In practical use, the indicator can help identify hidden resistance to price movement, low liquidity expansion, or moments where market participation and delivered movement are out of balance. It is best used as a context tool rather than a standalone entry engine.
🔹 Features
🔸 Effort Versus Result Framework
The script separates market behavior into two dimensions. Volume is treated as effort, and true range is treated as result. This creates a clean and intuitive model for comparing participation versus delivered movement.

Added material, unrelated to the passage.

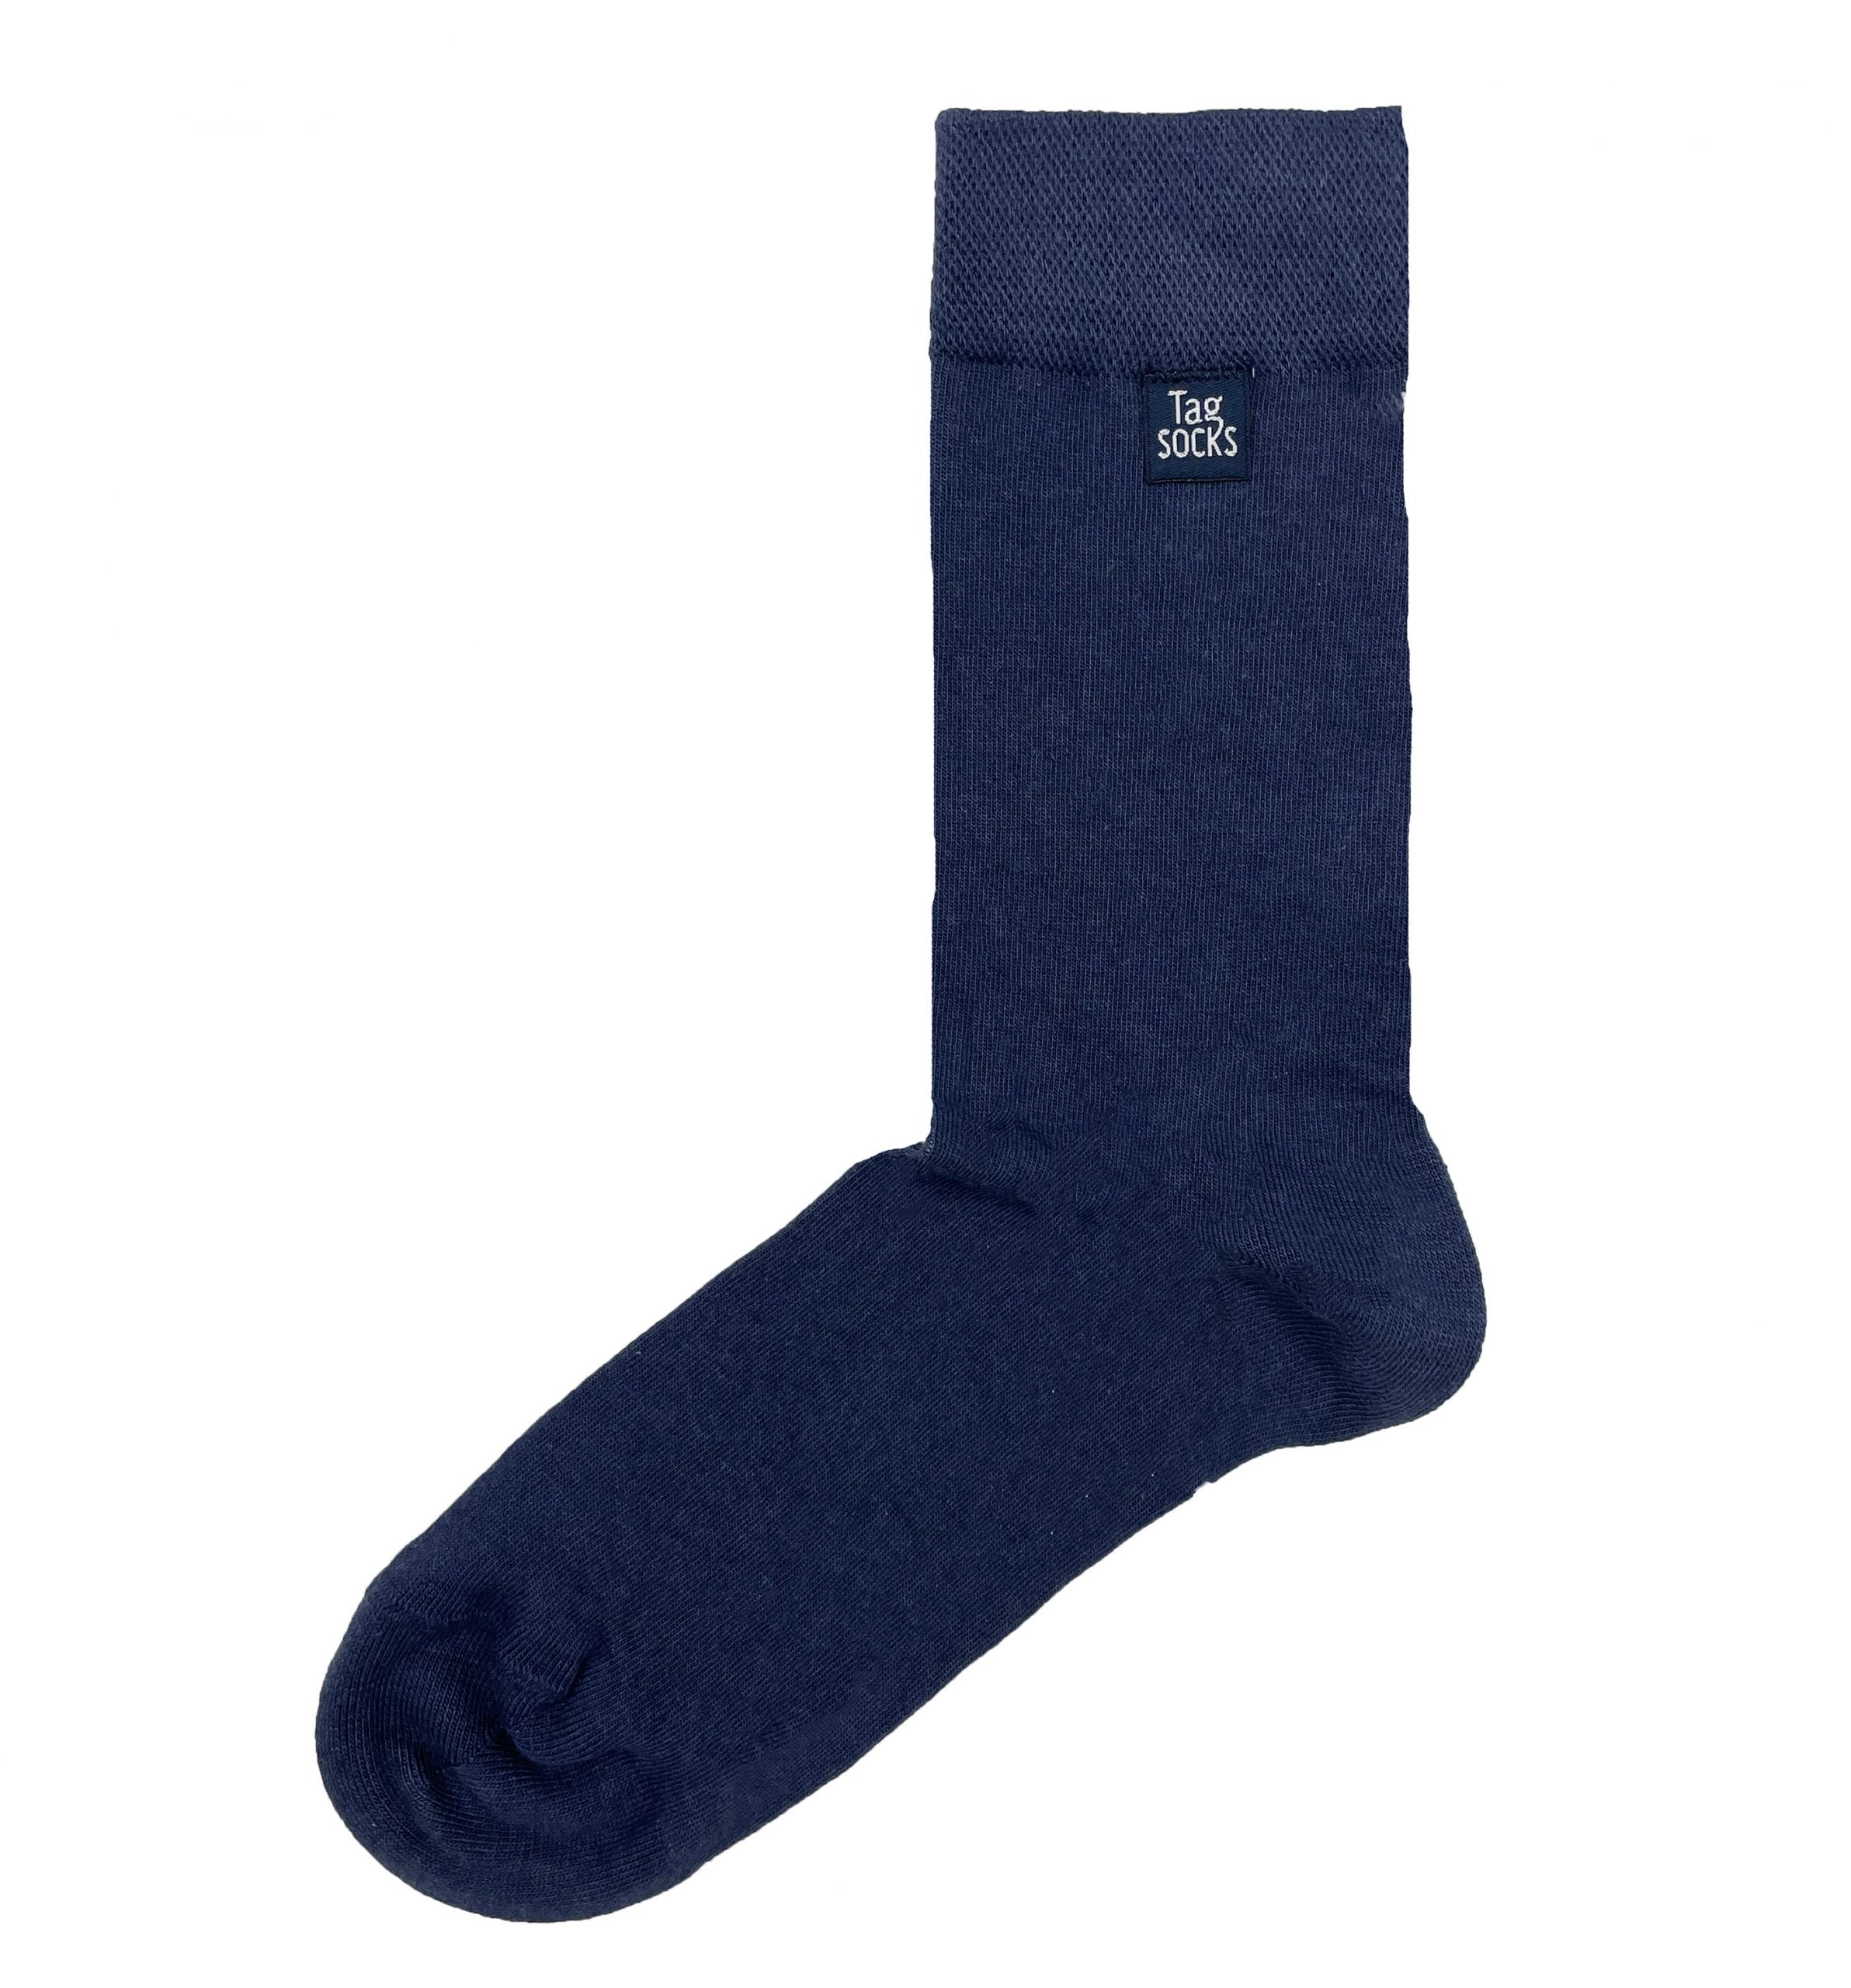 Blue bamboo sock from Tag Socks

🔸 Rolling Z Score Standardization
Both effort and result are transformed into rolling z scores over the selected lookback window. This makes the oscillator adaptive to the recent environment and allows direct comparison between volume and range.
🔸 Delta Oscillator
The final plotted value is the difference between effort z score and result z score. This gives the user a direct read on whether volume is leading range or range is leading volume.
🔸 Absorption Detection
When effort is strongly positive but result is weak or negative, the script flags absorption. This can indicate that strong participation is being met by opposing liquidity and price progress is being contained.
🔸 Vacuum Detection
When result is strongly positive but effort is weak or negative, the script flags a vacuum condition. This can indicate that price is moving through thin liquidity with little resistance.

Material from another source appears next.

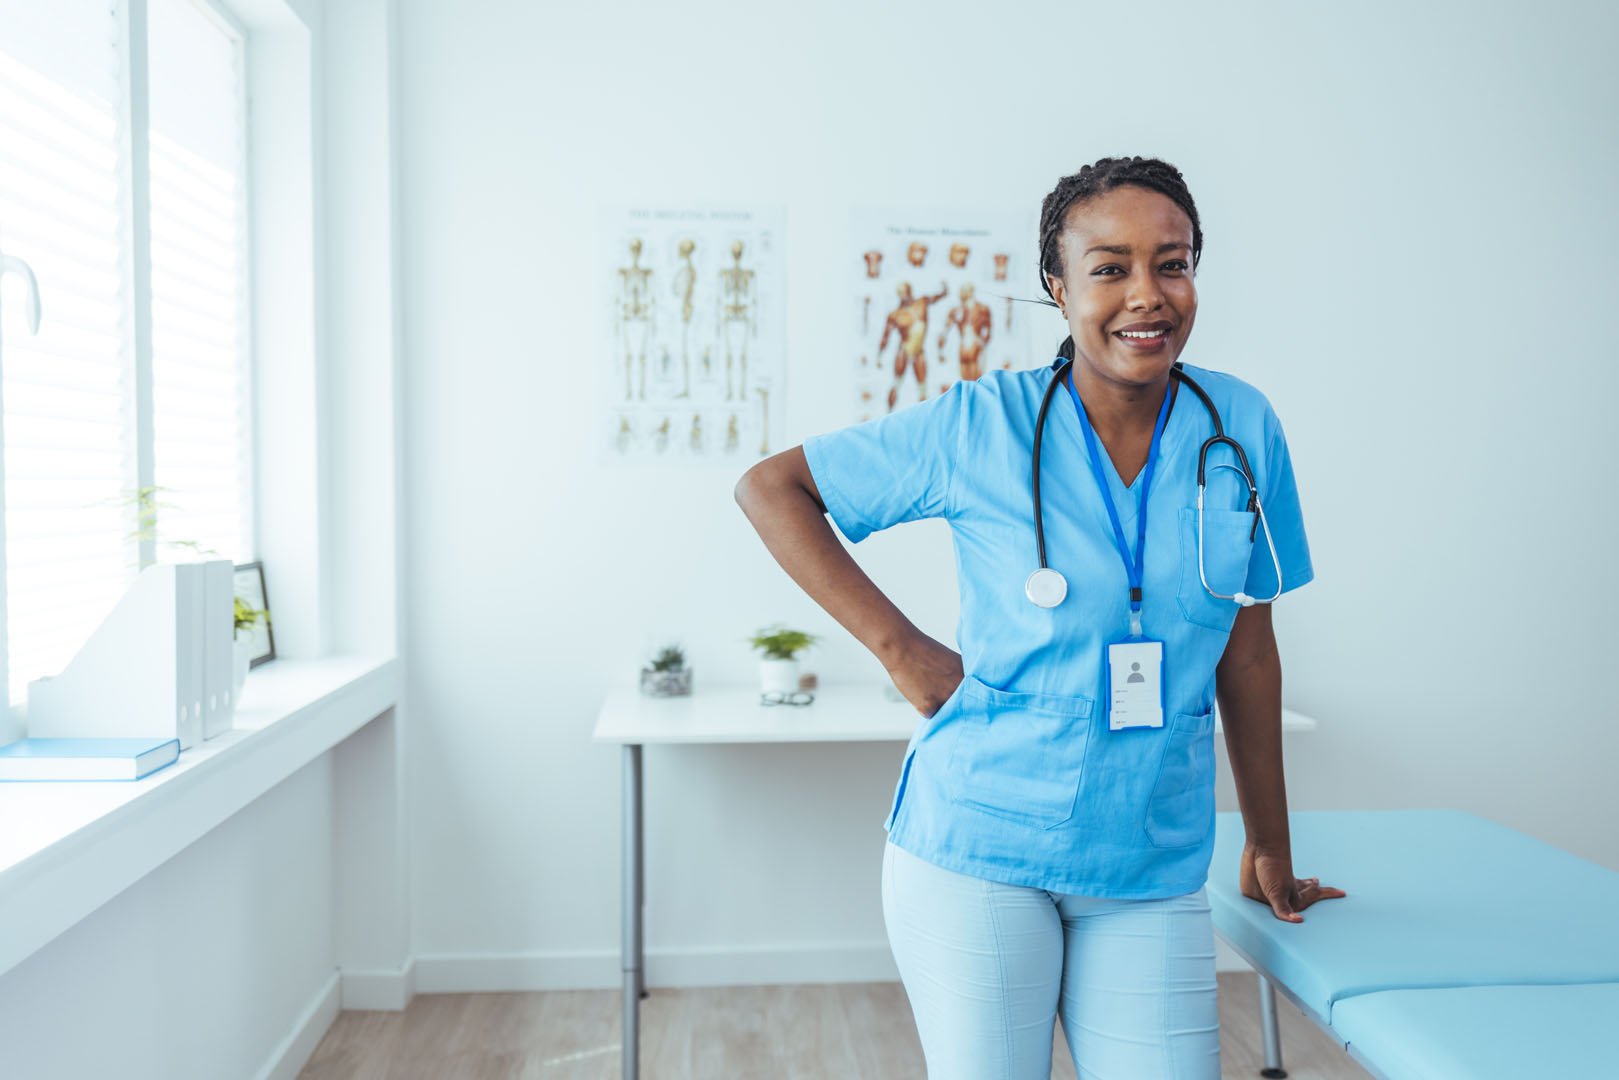 Nurse smiling while working

🔸 Context Aware Histogram Coloring
The histogram changes color depending on whether the bar reflects absorption, vacuum, or neutral conditions. This makes regime identification faster and more visual.
🔸 Threshold Guides
The oscillator includes reference lines for equilibrium as well as absorption and vacuum alert thresholds, making it easier to interpret extremes.
🔸 Direct Chart Labels
Special conditions are labeled directly on the oscillator so absorption and vacuum events stand out immediately without requiring separate scanning.
🔹 Calculations
1) Defining the Flow Metrics Container
type FlowMetrics
float totalVol
float spread
float effortZ
float resultZ
This object stores the four main values used by the indicator.

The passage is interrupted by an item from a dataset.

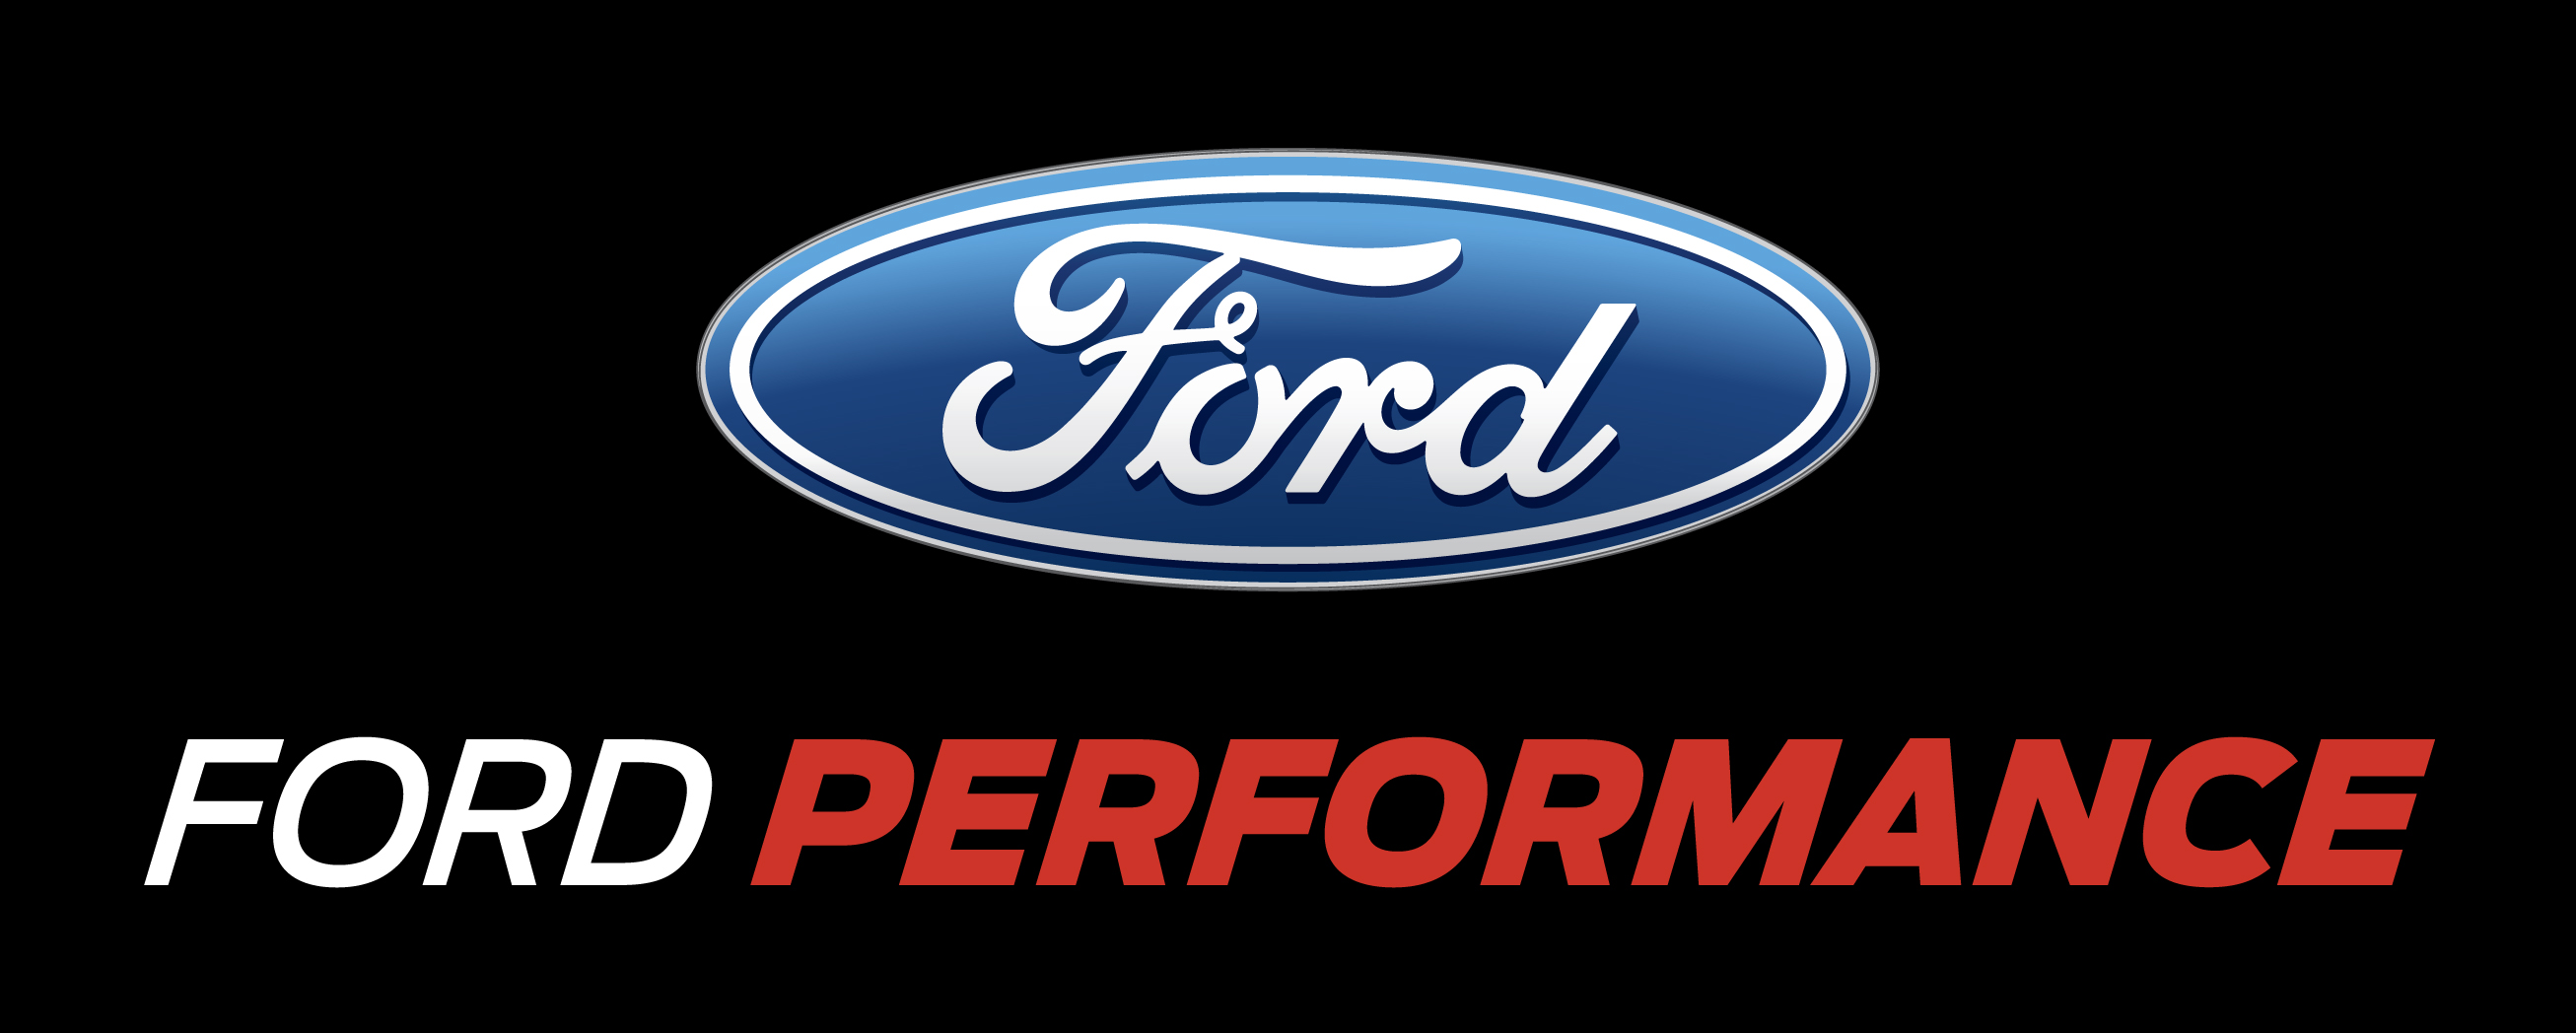 Ford performance Logos

totalVol stores the current bar volume.
spread stores the current bar range measure.
effortZ stores the standardized effort reading.
resultZ stores the standardized result reading.
So before any signal logic is built, the script already has a clean structure for the raw inputs and their normalized forms.
2) Measuring Effort and Result Inputs
float v = nz(volume, 1)
float tr = ta.tr(true)
This block defines the two core raw inputs of the indicator.
v is the current volume, with a fallback of 1 in case the symbol does not provide volume data.
tr is the true range of the bar, which is used as the result measure.
The reason true range is used instead of a simpler high minus low calculation is that true range also accounts for gaps relative to the prior close. This makes it a more complete measure of actual delivered price movement.
So the indicator begins with one participation variable and one movement variable.
3) Rolling Mean and Standard Deviation for Effort
float volMean = ta.sma(vol, len)
float volStd = ta.stdev(vol, len)
this.effortZ := volStd == 0 ? 0 : (vol - volMean) / volStd
This is the effort standardization step.
The script first computes the rolling average volume over the chosen window. Then it computes the rolling volume standard deviation over the same window. Finally, it converts the current volume into a z score:
effortZ = (current volume minus mean volume) divided by volume standard deviation
This means:
a positive effort z score implies current volume is above normal,
a negative effort z score implies current volume is below normal,
and zero means current volume is near its rolling average.
So effort is not judged by raw volume alone. It is judged by how unusual that volume is relative to recent history.
4) Safe Spread Handling for Result Calculation
float safeSpread = r == 0 ? syminfo.mintick : r
This line prevents division and standardization issues when the range is zero.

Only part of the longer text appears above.